When mixed persistence is enabled, when the AOF overwrite log is forked, the overwrite child will first write the memory data shared with the main thread to the AOF file in RDB mode, and then the operation commands processed by the main thread will be recorded in the overwrite buffer. The delta command in the rewrite buffer is written to the AOF file as AOF, and the main process is told to replace the old AOF file with a new AOF file in both RDB and AOF formats.

That is, with mixed persistence, the first half of an AOF file is full data in RDB format and the second half is incremental data in AOF format.

The advantage of this is that when rebooting Redis to load data, the first half of the data is RDB content, so the load time is very fast.

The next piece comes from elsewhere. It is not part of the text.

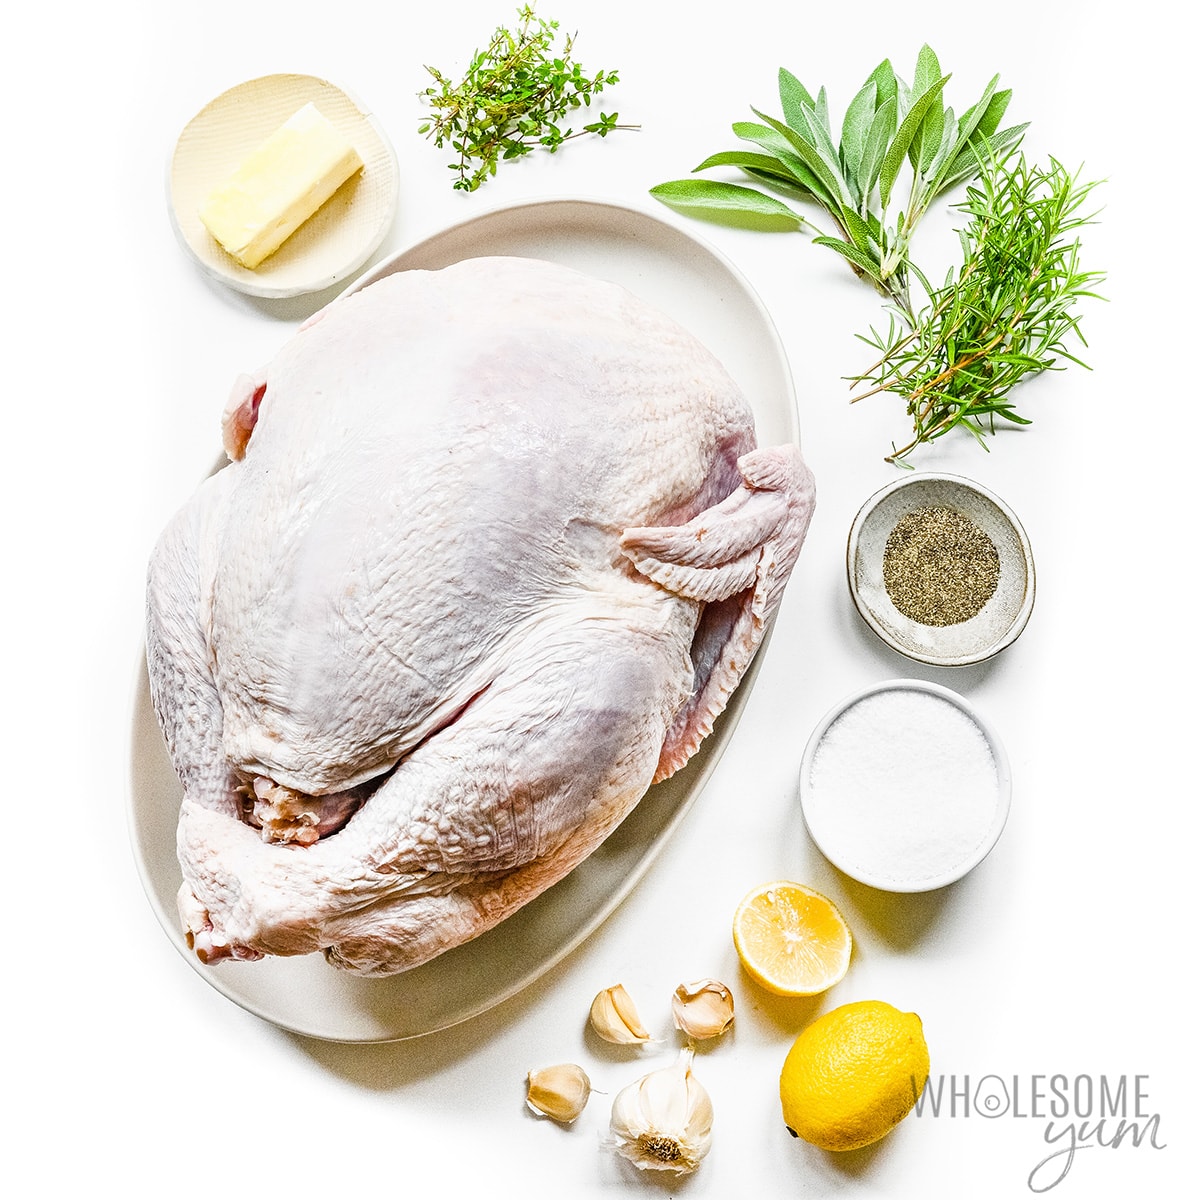 Easy roasted turkey recipe ingredients on plates.

After the content of RDB is loaded, the content of the second half of AOF will be loaded. The content here is the operation command processed by the main thread during the rewriting of AOF by the subprocess of Redis backend, which can make the data less lost.


Recommended reading

The illustration Reids | AOF persistence

Graphic Reids | avalanche, breakdown, traditional cache


Looking back, I found that this article is very few pictures ah, not the graphical tool name ha ha.

Compare rush, did not go to elaborate technical diagram, but the text description is still very smooth, easy to understand, hee hee.